Authenticate the watsonx.ai Runtime service on IBM Cloud Pak for Data. You need to provide the **admin's** `username` and the platform `url`.

In [2]:
username = "PASTE YOUR USERNAME HERE"
url = "PASTE THE PLATFORM URL HERE"

Use the **admin's** `api_key` to authenticate watsonx.ai Runtime services:

In [None]:
import getpass
from ibm_watsonx_ai import Credentials

credentials = Credentials(
    username=username,
    api_key=getpass.getpass("Enter your watsonx.ai API key and hit enter: "),
    url=url,
    instance_id="openshift",
    version="5.2",
)

Alternatively you can use the **admin's** `password`:

In [3]:
import getpass
from ibm_watsonx_ai import Credentials

if "credentials" not in locals() or not credentials.api_key:
    credentials = Credentials(
        username=username,
        password=getpass.getpass("Enter your watsonx.ai password and hit enter: "),
        url=url,
        instance_id="openshift",
        version="5.2",
    )

### Working with projects

First of all, you need to create a project that will be used for your work. If you do not have a project created already, follow the steps below:

- Open IBM Cloud Pak main page
- Click all projects
- Create an empty project
- Copy `project_id` from url and paste it below

**Action**: Assign project ID below

In [4]:
import os

try:
    project_id = os.environ["PROJECT_ID"]
except KeyError:
    project_id = input("Please enter your project_id (hit enter): ")

#### Create `APIClient` instance

In [5]:
from ibm_watsonx_ai import APIClient

client = APIClient(credentials, project_id)

<a id="data"></a>
## Document data loading

Download the file with State of the Union.

In [6]:
import os
import wget

filename = "state_of_the_union.txt"
url = "https://raw.github.com/IBM/watsonx-ai-samples/master/cpd5.2/data/foundation_models/state_of_the_union.txt"

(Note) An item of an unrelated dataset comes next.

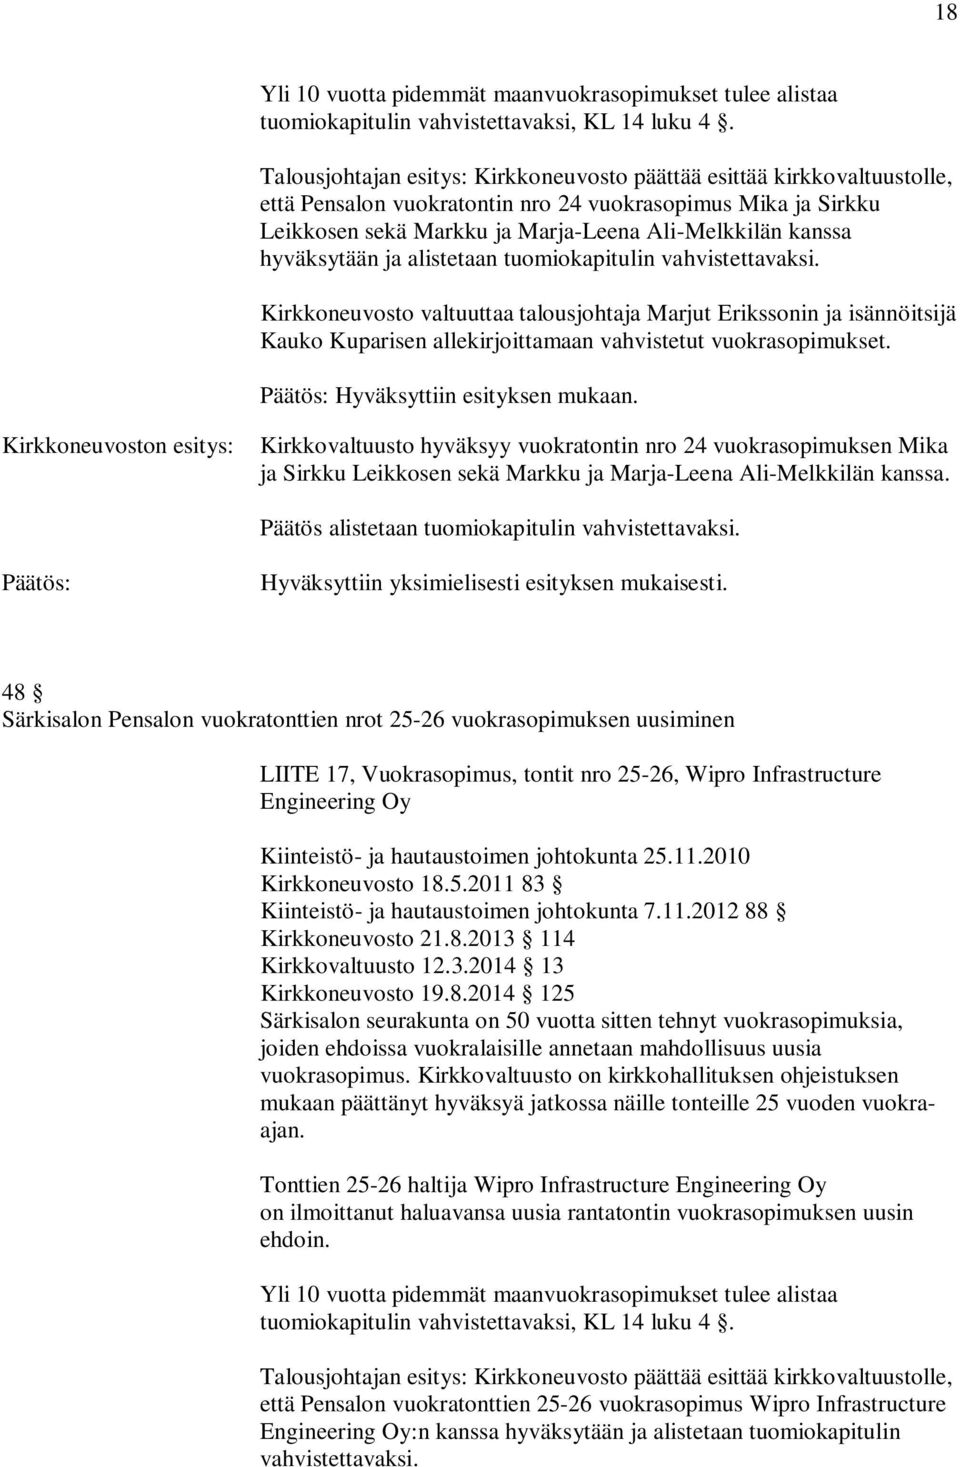 Kirkkoneuvoston esitys: Kirkkovaltuusto hyväksyy vuokratontin nro 24 vuokrasopimuksen Mika ja Sirkku Leikkosen sekä Markku ja Marja-Leena Ali-Melkkilän kanssa.

if not os.path.isfile(filename):
    wget.download(url, out=filename)

<a id="build_base"></a>
## Build up knowledge base

The current state-of-the-art in RAG is to create dense vector representations of the knowledge base in order to calculate the semantic similarity to a given user query.

In this basic example, we take the State of the Union speech content (filename), split it into chunks, embed it using an open-source embedding model, load it into <a href="https://www.trychroma.com/" target="_blank" rel="noopener no referrer">Chroma</a>, and then query it.

In [7]:
from langchain.document_loaders import TextLoader
from langchain.text_splitter import CharacterTextSplitter
from langchain_chroma import Chroma

loader = TextLoader(filename)
documents = loader.load()
text_splitter = CharacterTextSplitter(chunk_size=1000, chunk_overlap=0)
texts = text_splitter.split_documents(documents)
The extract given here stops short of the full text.